ほとんどの会社で縦割りになってしまっている企画・開発・製造・販売、このすべての領域を主査が統括しています。
彼らは大きな権限を持っており、社長を務めた豊田英二氏が
主査は製品の社長であり、社長は主査の助っ人である」
という言葉を残しているほどです。

主査の責任で製品を企画し、そのための社内メンバーを集め、社外とも連携しながら開発・製造を行い、販売戦略まで考える。
一人の人間が製品の実現という目標に向かって統括をするからこそ、トヨタではグロースハックが可能になっているのです。

印象的な事例としては、スポーツカー「86」「スープラ」の復活を手掛けた
伝説のチーフエンジニア多田哲哉氏の話があります。

当時トヨタの役員の間では、「スポーツカーといえば四駆だ」「他の企業より速くなければならない」という意見が多数派でした。しかし多田氏は顧客を調べ、「軽量で燃費がいい走り心地の良いスポーツカー」が求められていると皆を説得しました。
そしてその理想を技術的に可能にするため、様々な技術者・専門家に協力を仰ぎ、売れないと言われていたスポーツカーの復活を実現させたのです。

これはまさにグロースハックのお手本のような事例だと思います。

4 グロースハックを実現する条件。”エコシステム”によって可能に。

トヨタの事例から、本物のグロースハック支援ができる組織の条件が見えてきます。

大事なのは、まず顧客(ユーザー)のインサイトをつかむこと。そしてユーザーが求めるものを満たすサービスを開発し、ユーザーに届けるという目的に向かって、幅広い領域のプレイヤーが協同していること。そのために全体を統括する人物がいることです。
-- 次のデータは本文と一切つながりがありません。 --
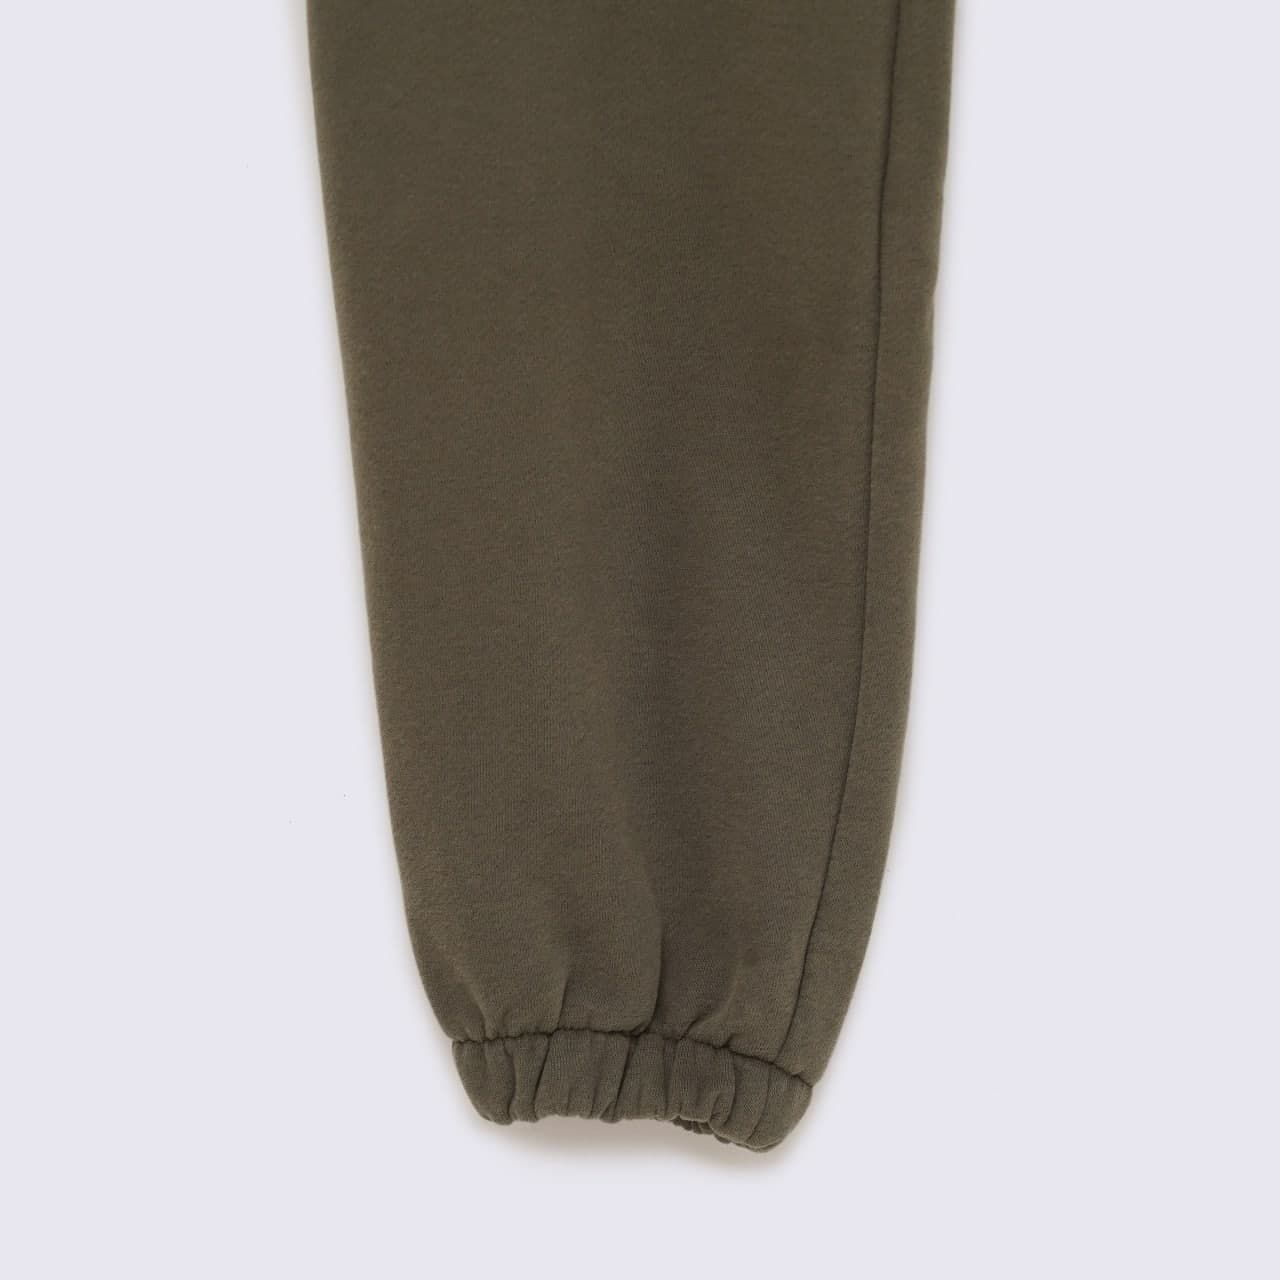 Спортивные штаны South basik khaki - фото 4

EXIDEAはまさにこのような形の組織を目指しています。
それぞれの分野に熱狂するテクノロジーやマーケティング、クリエイティブのプロフェッショナルたちを集めています。ただし、ユーザーの求めるものを実現することを第一に考えるようなマーケターたちです。時には社外とも連携しながら、ユーザーの価値に一直線に向かうプロフェッショナルたちが協同する”グロースハックのエコシステム”をつくりたいと考えています。

5 最後に。

今の日本ではグロースハックは儲からないと思われています。でも本物のグロースハックを実現しない限り、日本からは世界的なサービスは産まれない。たとえ本当に価値のあるサービスができたとしても、世界には届かない。
そんな現状を変えたいと思っています。

実はグロースハックの概念自体がそもそも、トヨタのDNAを引いています。
1980年代トヨタの生産方式が世界中に広まり、リーン生産方式として一般化されました。それがシリコンバレーで、起業の方法論であるリーンスタートアップとして応用され、最終的に成長のための方法論グロースハックとして結実したのです。

トヨタで活躍する多田哲哉氏のようなチーフエンジニアたちのDNAを
勝手ながらEXIDEAで受け継ぎたいと思っています。
余談ですが、この多田哲哉氏は私の義理の叔父にあたる人物だったりします。